Word for word, restate the listing that follows and leave out the images.

**SUPPLIED DATA:**
┌──

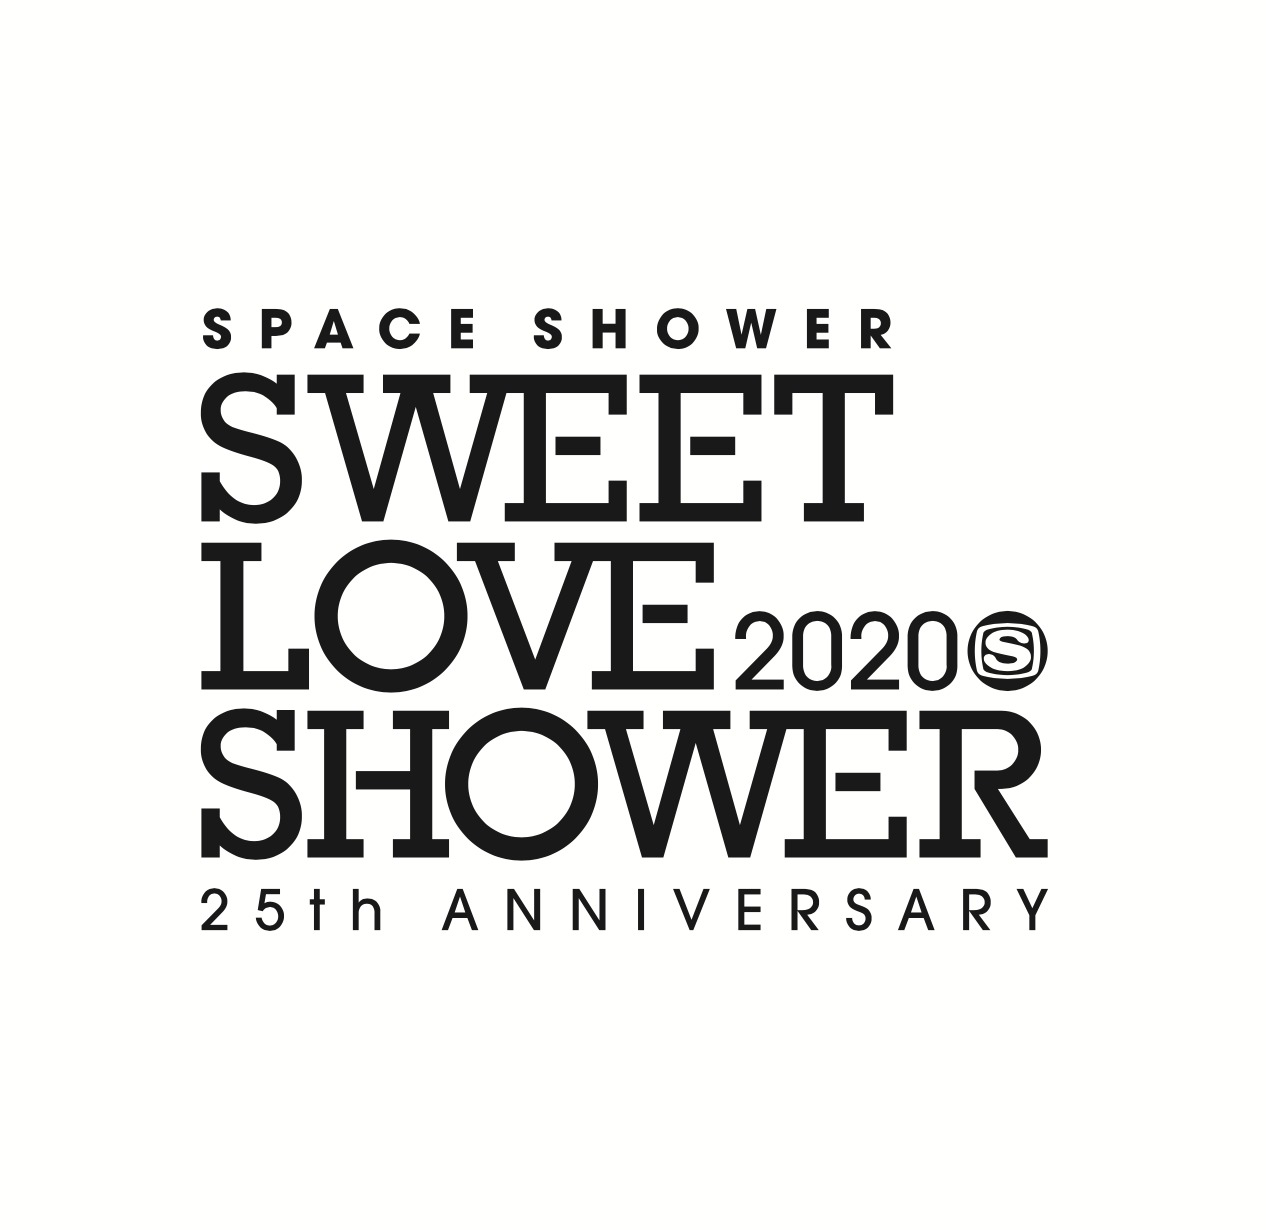 SPACE SHOWER SWEET LOVE SHOWER 2020 -25th ANNIVERSARY-
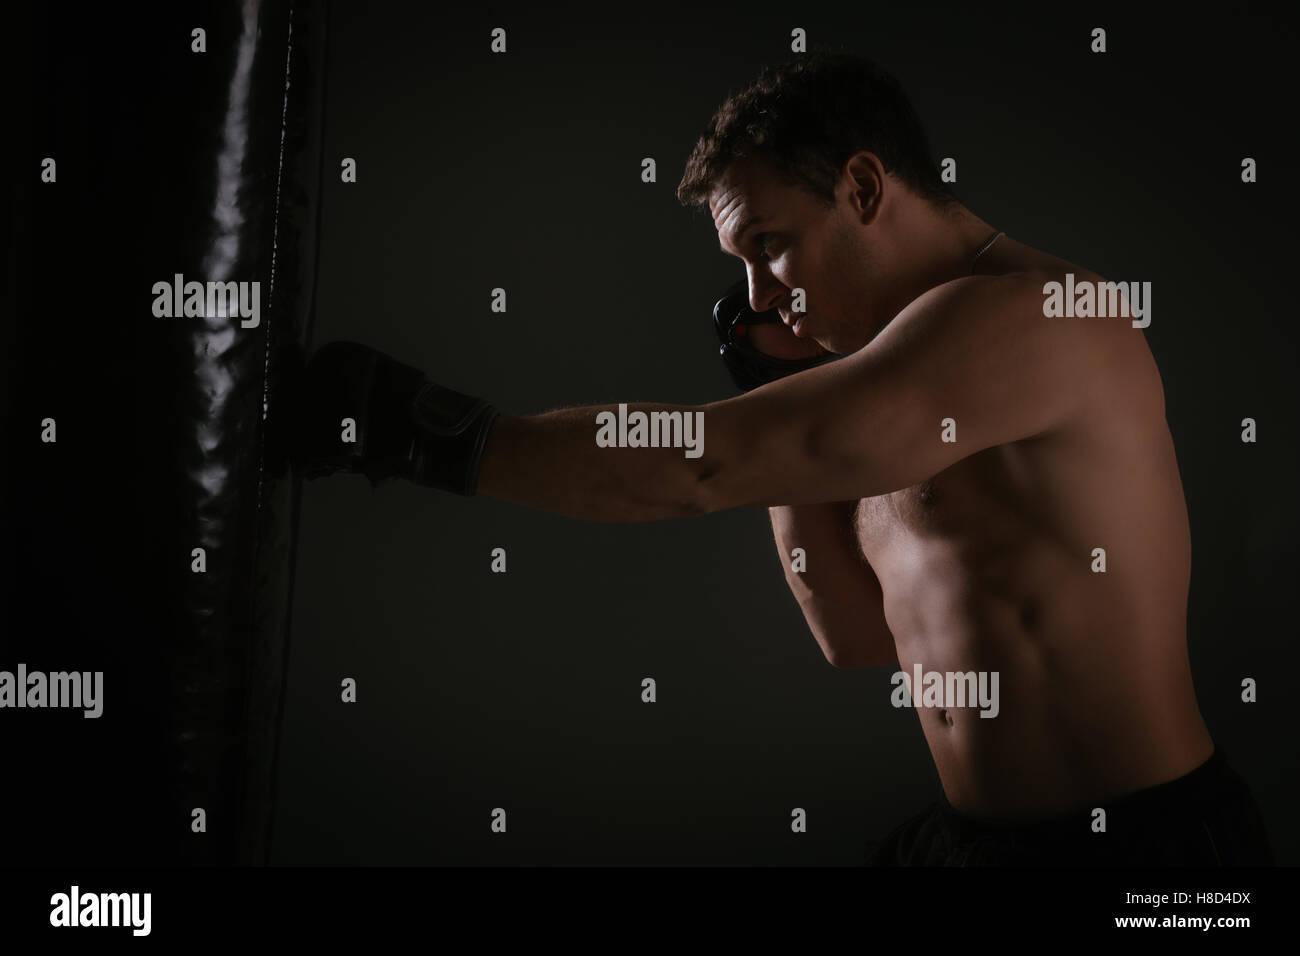 Training On A Punching Bag - Stock Image
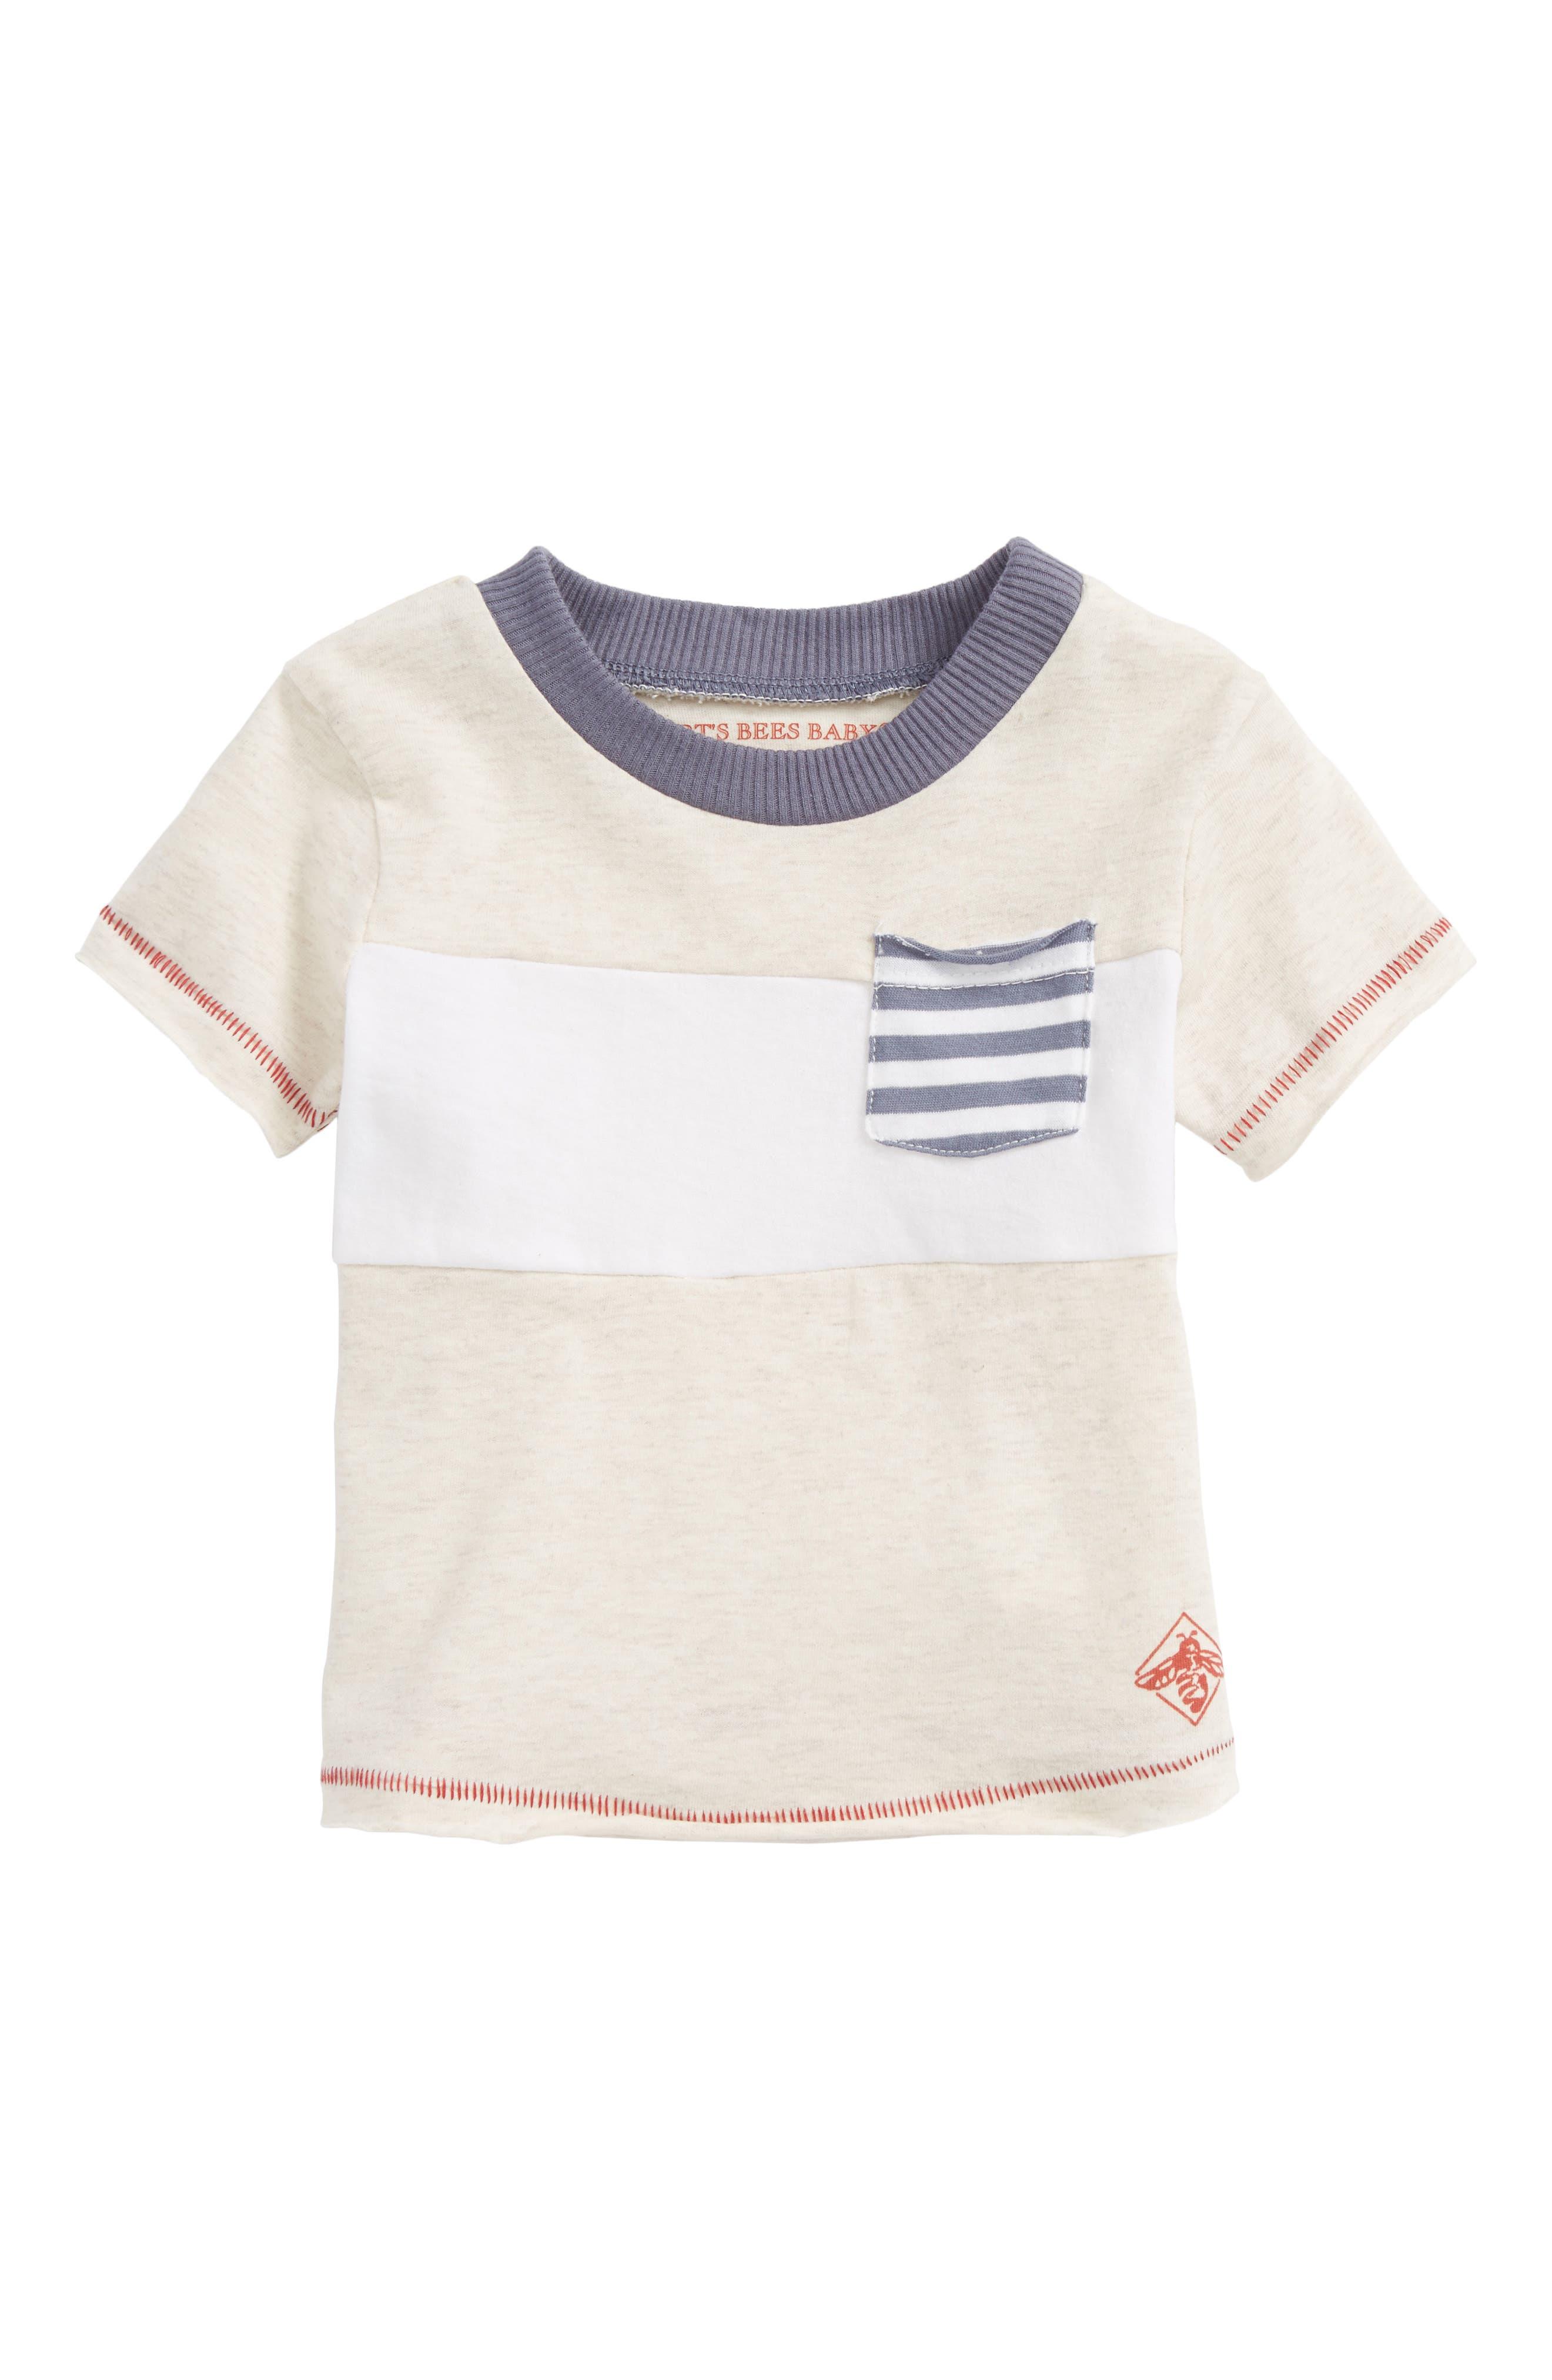 Alternate Image 1 Selected - Burt's Bees Baby Organic Cotton Pocket T-Shirt (Baby Boys)

└──

**YOUR SOLUTION:**
 SPACE SHOWER SWEET LOVE SHOWER 2020 -25th ANNIVERSARY-
 Training On A Punching Bag - Stock Image
 Alternate Image 1 Selected - Burt's Bees Baby Organic Cotton Pocket T-Shirt (Baby Boys)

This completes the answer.